Alific – Echoes From The Soul

Rootfire Records

Rootfire Records

Echoes From The Soul is what happens when a monster bass player/studio wizard has an empty sonic canvas to work with – and basically no one to answer to but himself. Alific is Brendan Dane and Brendan Dane is Alific: songwriter, engineer, producer, arranger, and player of the majority of the instruments you hear on Echoes From The Soul. Sometimes one-man projects can end up being showcases for the artist’s talent, but feel sterile as hell – not so with Alific. The key is Dane’s powerful rhythmic sense, which lies at the heart of each of Echoes From the Soul’s 14 cuts. What he risks losing by not having the organic vibe of a full band pumping it out in the studio is totally flattened and buried by his ability to produce a killer core pulse and then apply layers that complement rather than smother.

Take the title song, which rumbles to life with one of Dane’s wompfunk bass lines before the drums of Dubsmith (that would be Todd Smith, a constant rhythm presence throughout the album) and a cool little horn section punches their way in. The main voice early on is the breathy flute of guest Mateo Monk, dubbed to shapeshifter perfection; the blast of the sax at the 2:50 mark is the wildest tar pit roar you’re going to hear without climbing into a time machine; and when the track decides it’s time to go, it dances into the mists and vaporizes in the coolest of ways. Plenty to dig into – and never too much: that’s Alific’s style and it makes for a solid listen.

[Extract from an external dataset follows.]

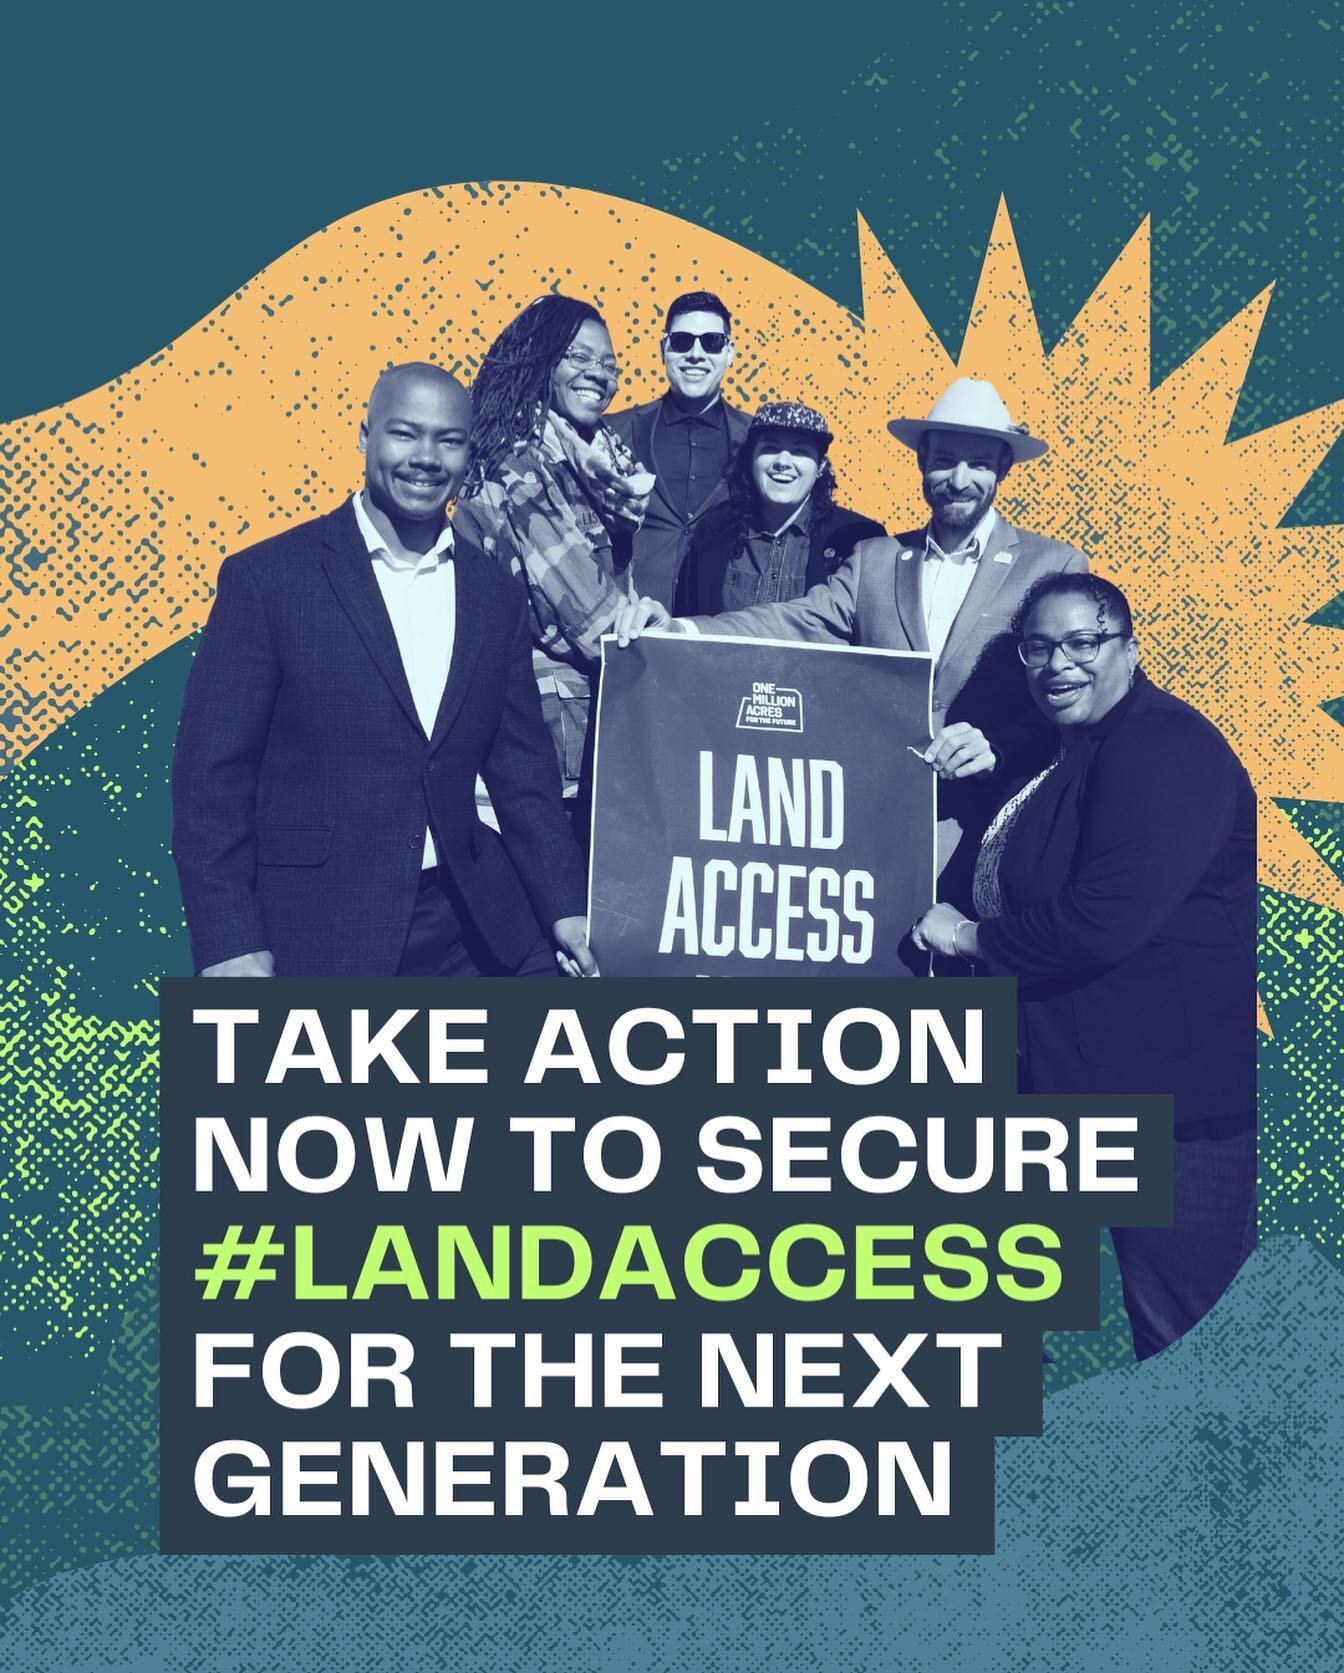 Inspired by @youngfarmers to call our CT reps TODAY to support the Increasing Land Access, Security, and Opportunities Act through the 2023 Farm Bill. In the House, ask John Larson @repjohnblarson ‭(860) 278-8888‬ &amp; Jahana Hayes @repjahanahayes ‭

Hang on as “Madness” morphs from deep-beat clubbiness to a flat-out midnight run with the windows down, feeling something like a jammed-out “L.A. Woman” as Frank Mitchell Jr.’s sax takes the wheel. When Lenny Kurlou mans the mic for “My Destiny”, the mood takes a swing into the poppier side of things, while “Fat Drops” and “Lucid Eyes” are what good smoke sounds like.